The Morning Journal (Lorain, OH)

Red Right 88: Game frozen in time

Playoff game memories painful for alumni of 1980 team

- By Jeff Schudel JSchudel@news-herald.com @JSProInsid­er on Twitter

An NFL team averages roughly 63 offensive plays a game. So by that measuring stick the Browns have run about 68,300 plays in the 1,084 games played in their 72-year-old history going back to their inception in 1946.

One play in Browns annals has been debated, dissected, secondgues­sed and been an excuse for consuming pitchers of beer while discussing it more than all the others — Red Right 88. It is such a famous — or infamous — part of NFL history that it has its own Wikipedia page.

Red Right 88 is the play that ended the Kardiac Kids’ glorious 1980 season in a divisional playoff with the Oakland Raiders at Cleveland Municipal Stadium on Jan. 4, 1981, while 77,655 frozen fans watched in disbelief.

With the Browns trailing, 1412, second down on the Oakland 13 with 49 seconds to play, a pass thrown by Brian Sipe intended for Ozzie Newsome running right to left in the back of the end zone in front of the bleachers was intercepte­d by Raiders safety Mike Davis. The primary receiver on the play was Dave Logan, who was open on a crossing route running left to right inside the 5. But Newsome was in the pattern, too, and Sipe went for the touchdown when he saw Newsome breaking open after making an inside move off the line to get a step on Davis.

Recalling the play is like root canal without Novocaine.

“I beat Mike off the line,” Newsome said in a recent phone interview from his office in Baltimore where he works as an executive vice president with the Ravens. “I was running my route. I looked back and the ball was coming. I think the wind held the ball up and Mike, doing everything he could to get back into coverage, looked up and was able to pick off the pass.”

Newsome tried unsuccessf­ully to claw the ball from Davis’ grasp. He sprawled flat on his stomach in the end zone and pounded the icy sod with his left hand when he realized the Browns’ season had suddenly ended.

“To say I was devastated would be an understate­ment, because it was in the true Kardiac fashion that we were going to win that game,” Newsome said. “And then to have it taken away from us in that instance, like I said, was devastatin­g.”

Basically, it came down to Coach Sam Rutigliano having more faith in Sipe’s right arm than in kicker Don Cockroft’s right foot.

The Browns won the 1980 AFC Central Division championsh­ip with a record of 11-5. Twelve of the 16 games that season were decided by seven or fewer points.

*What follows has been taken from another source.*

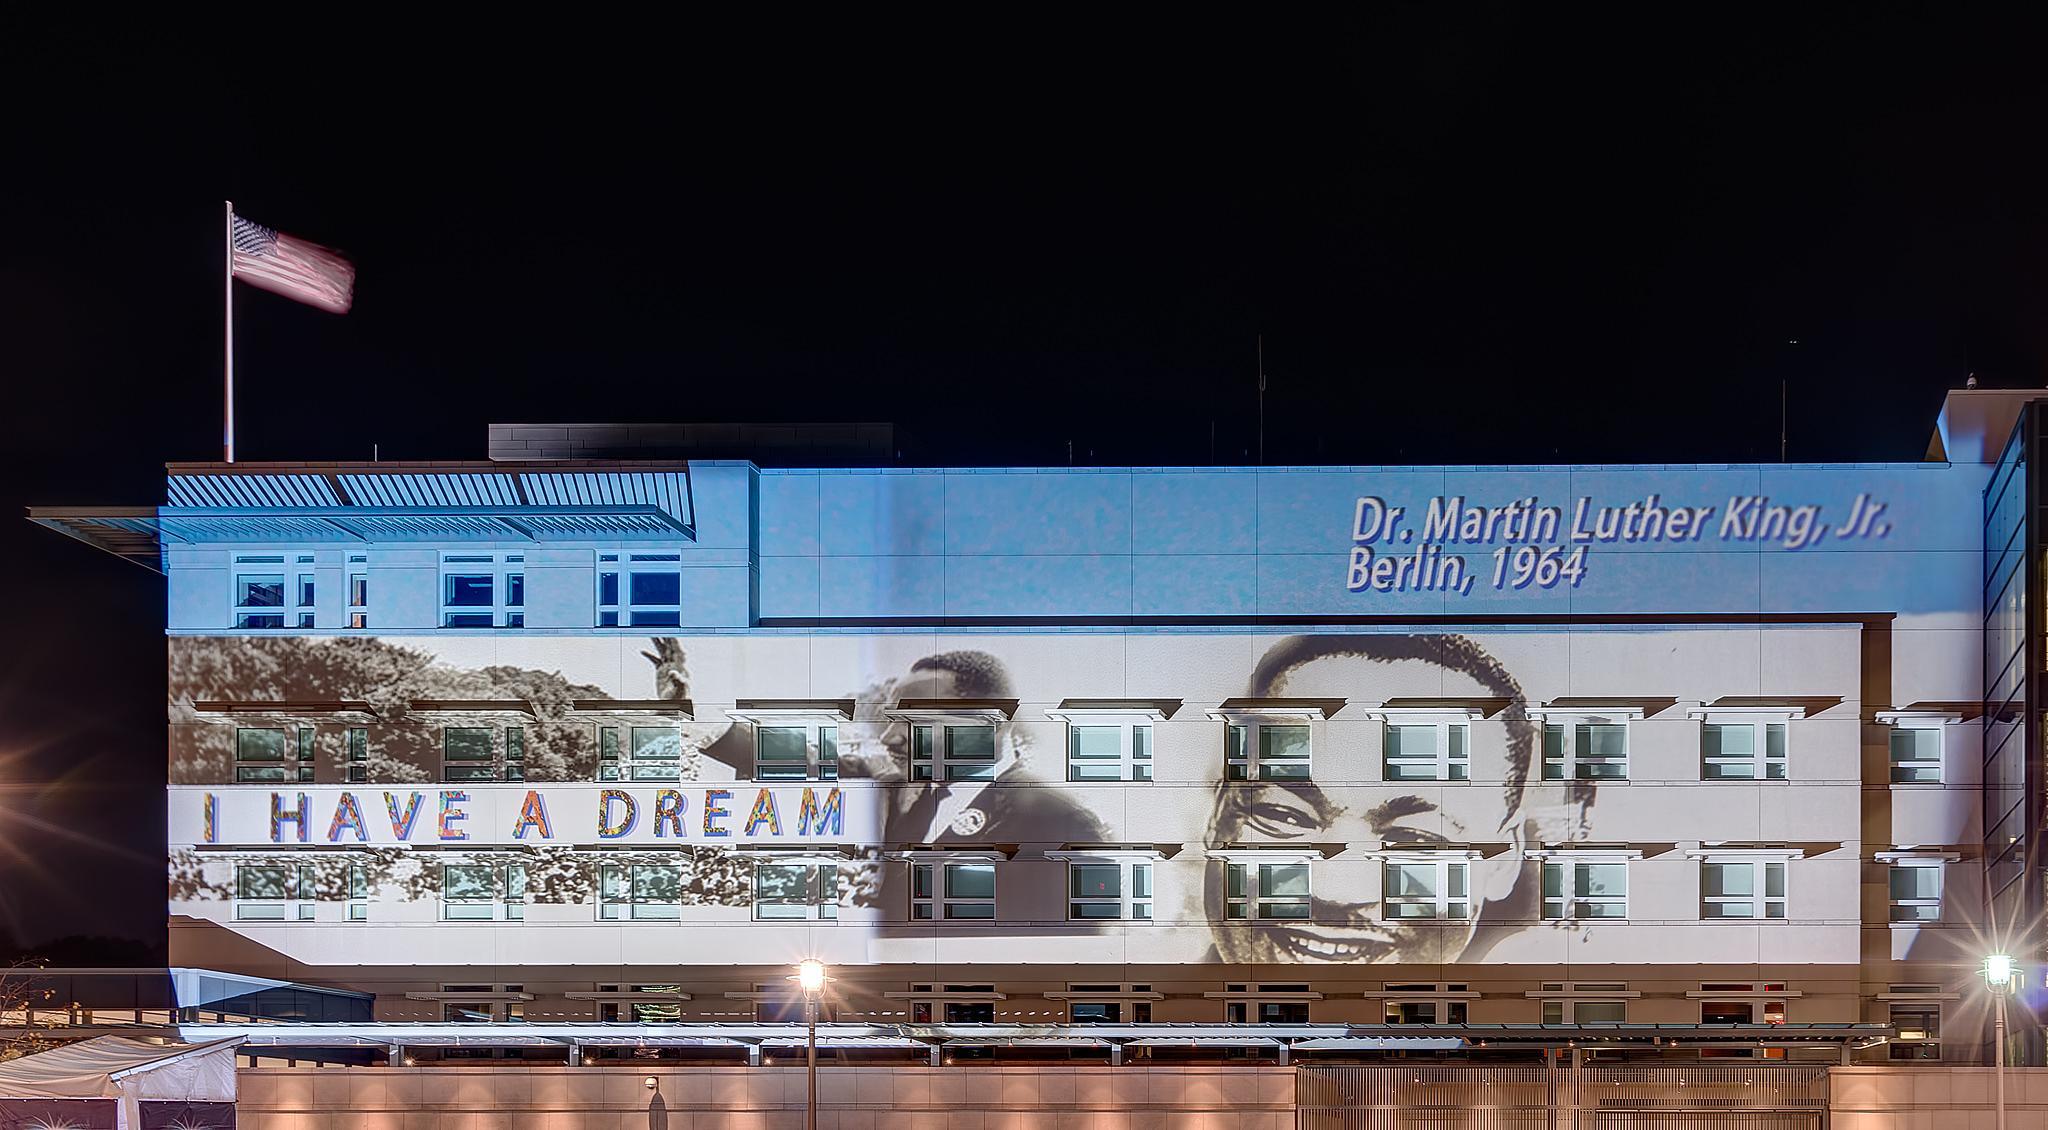 Botschaft der USA in Berlin - Fol 2014 by Frank Haase
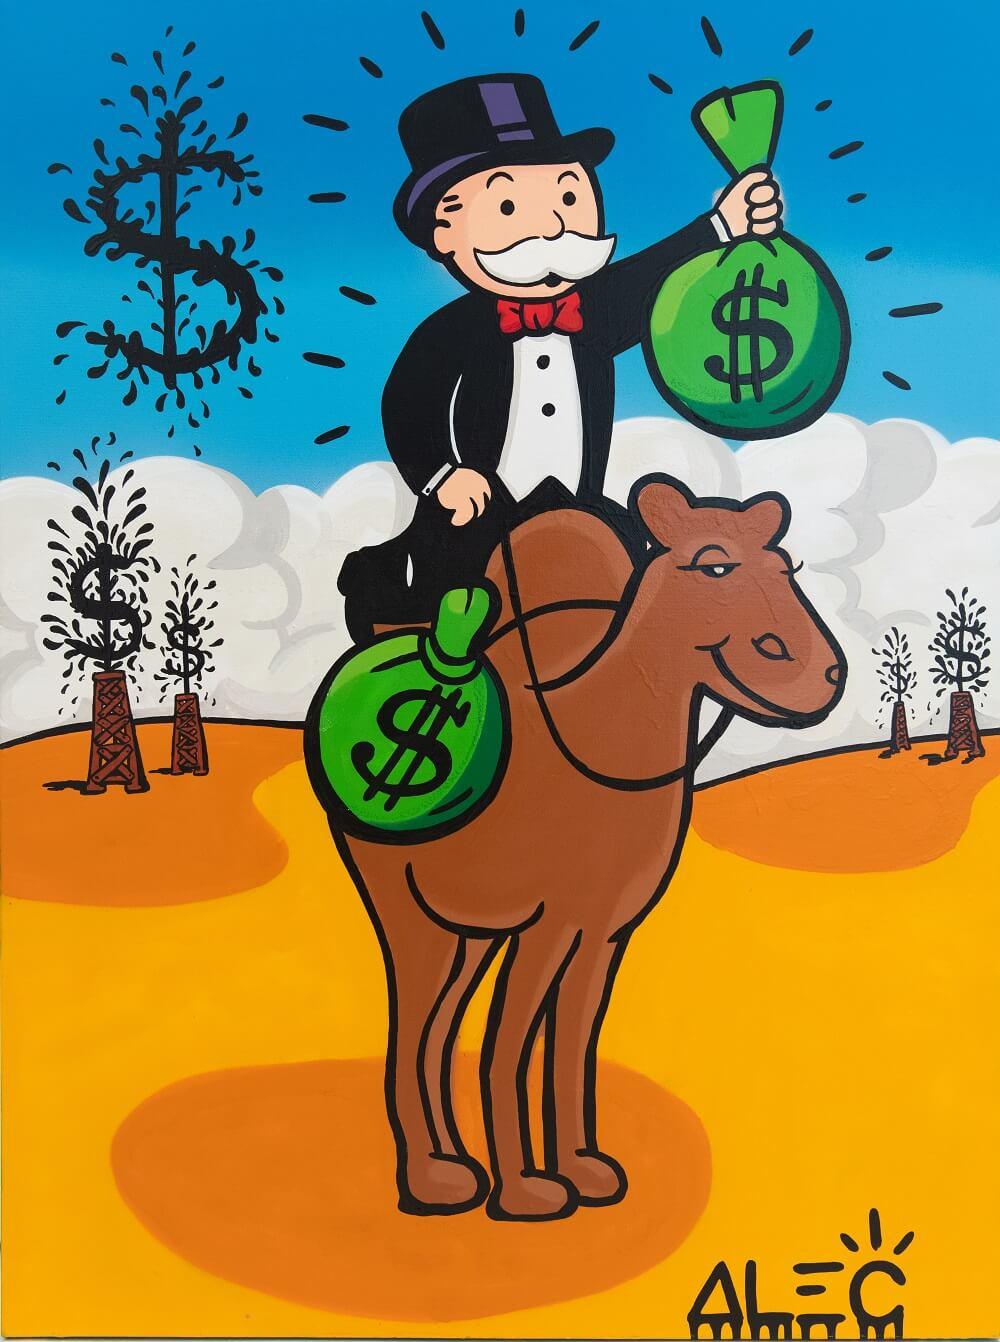 Monopoly $ Bags on Camel - Alec Monopoly - Eden Gallery

The Browns were 9-3 in those games.

Oakland also finished 115, but the Raiders finished second in the West behind 11- 5 San Diego because the Chargers won the tiebreaker with Oakland. The Raiders beat Houston, 27-7, in a wild-card playoff game in Oakland to advance to the divisional round against the Browns in Cleveland.

Game- time temperatur­e for the 1 p.m. kickoff was two degrees, and the 21 mph winds off Lake Erie caused a wind chill of 20 degrees below zero. Talk about frozen tundra — that was the playing surface of Cleveland Stadium that day.

“Those were probably the most difficult conditions I ever played in,” Mike Pruitt, a Browns running back from 1976-84, recalled. “It was super cold. Everybody knew that. You couldn’t wear cleats because the ground was frozen solid. We had to wear shoes with a rubber spongy bottom. You couldn’t stop and cut because you couldn’t get any traction. You couldn’t stop and turn because you’d slip and fall.

“The field couldn’t have been worse. Trying to throw the ball, trying to catch the ball — as soon as you took your gloves off your hands would freeze. Your hands were just about numb. I remember coming off the field to get some water and the water was ice.”

The Raiders led, 7-6, at halftime. The Browns took a 12-7 lead in the third quarter on two field goals by Cockroft. Earlier, all in the second quarter, Cockroft missed field goal attempts from 47 and 30 yards plus a PAT attempt after the Browns scored their only touchdown of the game on a 42-yard intercepti­on return by Ron Bolton.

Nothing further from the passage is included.